Governance and Observability of Agentic AI in the Insurance Sector
When an AI agent makes the wrong decision and no one can explain why, the issue stops being an IT matter and becomes one of governance, accountability, and corporate culture. This was the central theme of the second episode of Insurance in the Mirror, Insurzine's format dedicated to insurance innovation, which also featured Davide delle Cave, S2E's Business Line Manager for Data Analytics and Observability.

Joining him on the panel were Raffaele Avila from Zurich Italy, Luca Magnoni from AXA Italy, and Alberto Dominici from Bene Assicurazioni. The discussion revolved around a single key word: observability. Yet behind that concept lies much more.

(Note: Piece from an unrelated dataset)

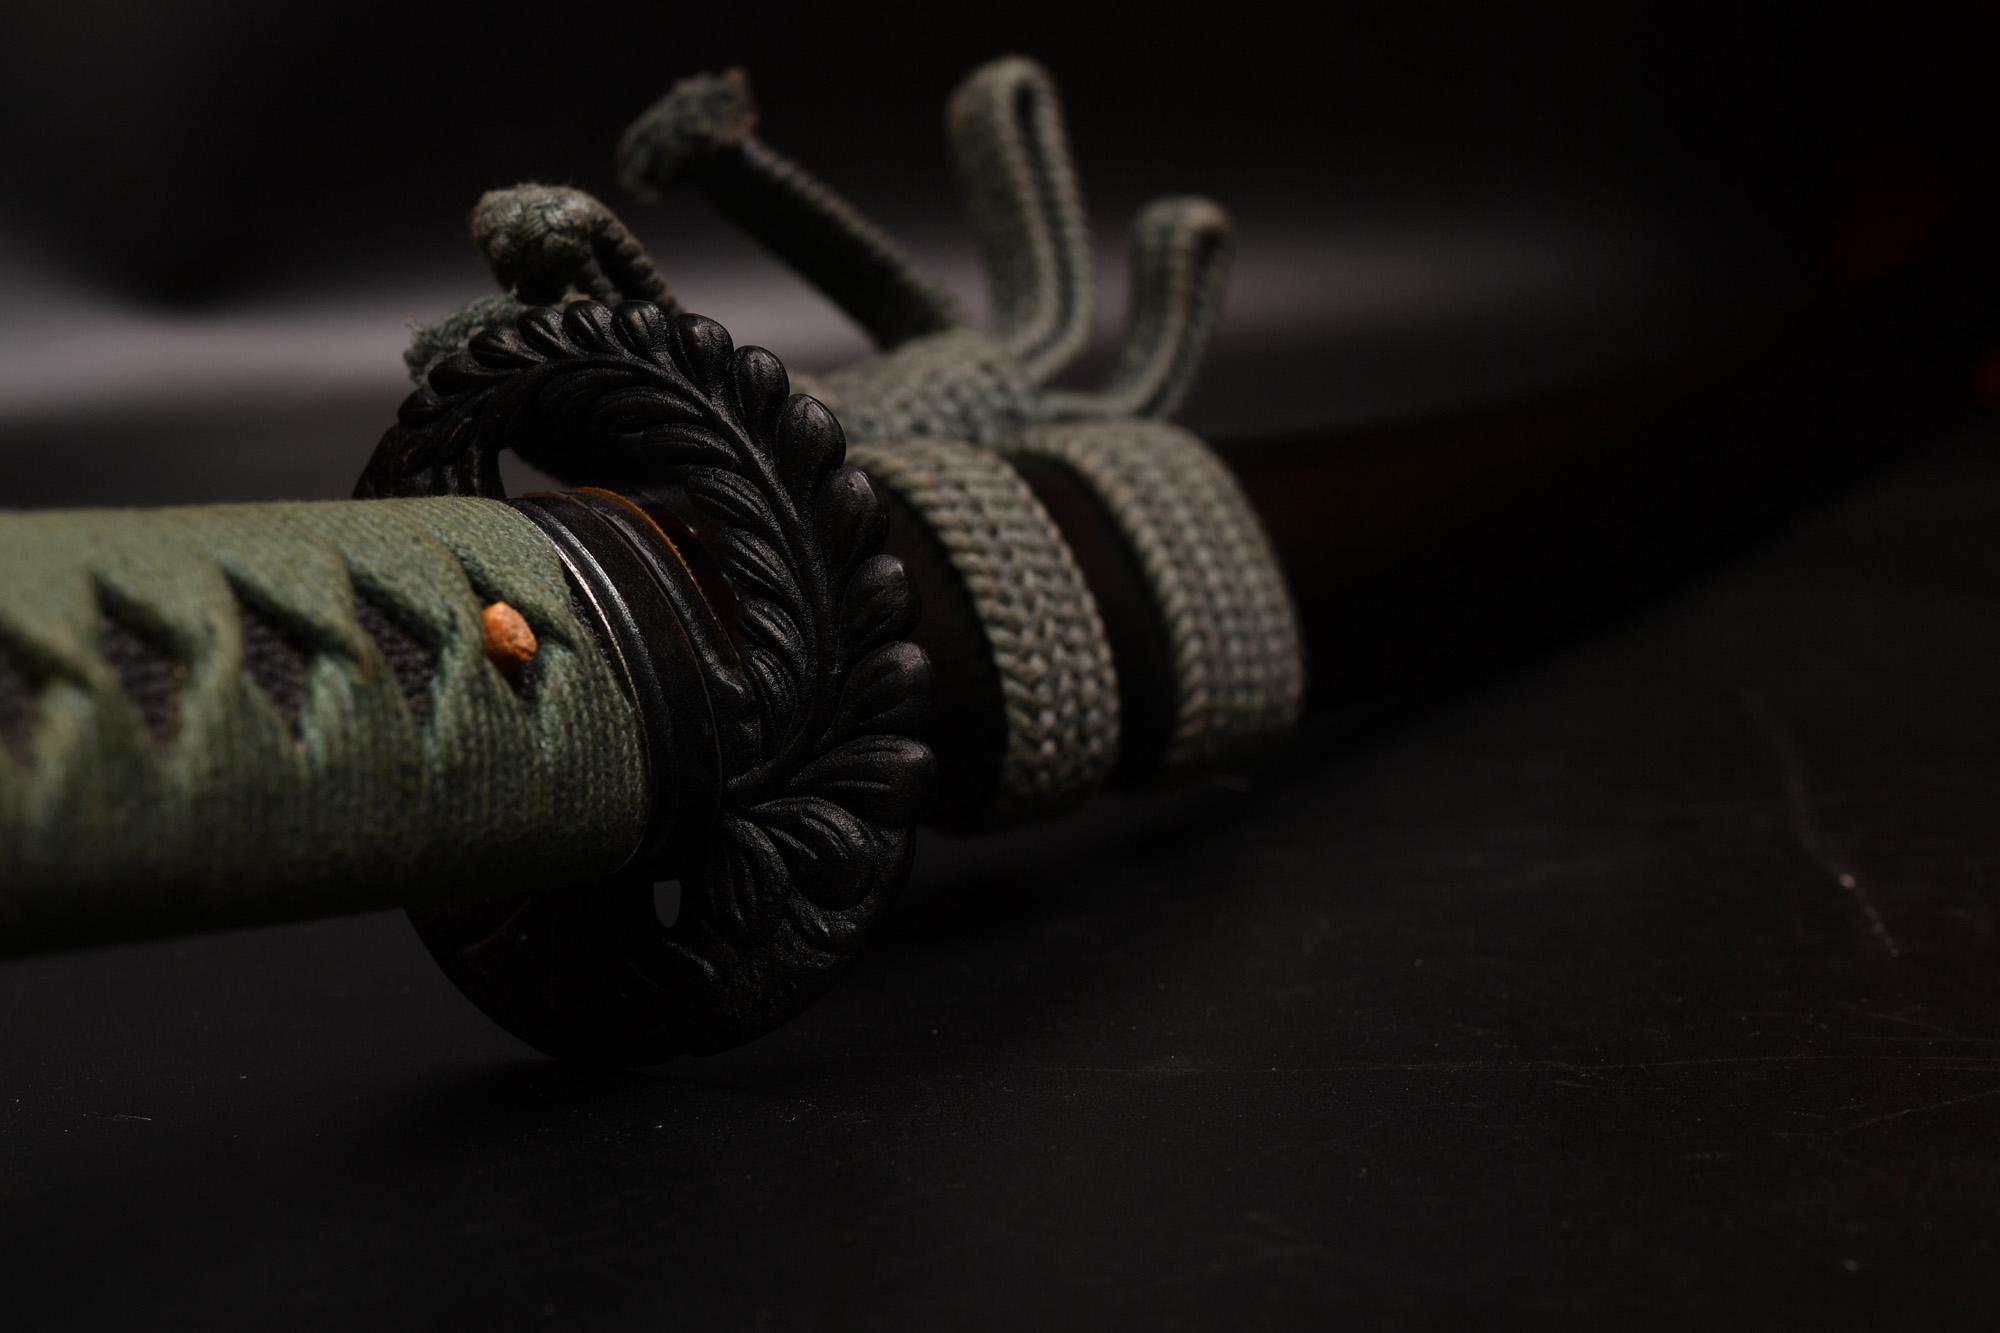 しのびや 高級居合刀 居合練習刀DX 砂型合金 鍔の交換

Delle Cave framed the topic by highlighting a distinction with significant practical implications: AI agents can be divided into those designed to support internal productivity and those embedded within insurance products, directly interacting with customers. For both categories, the challenge is not technical but semantic. Unlike traditional software, AI agents do not operate through deterministic logic. They reason using natural language, process context, and generate responses through chains of thought that cannot be reduced to a sequence of programmable instructions. When errors occur, they are not found in a system log but in the reconstruction of a cognitive process.
As Delle Cave explained, monitoring platforms traditionally focused on infrastructures and applications. Today, they must also monitor AI agents, and the key question has changed: no longer "Is the system working?" but rather "Is the agent reasoning in the way I intended?" This represents a major shift that requires entirely new tools, KPIs, and skill sets.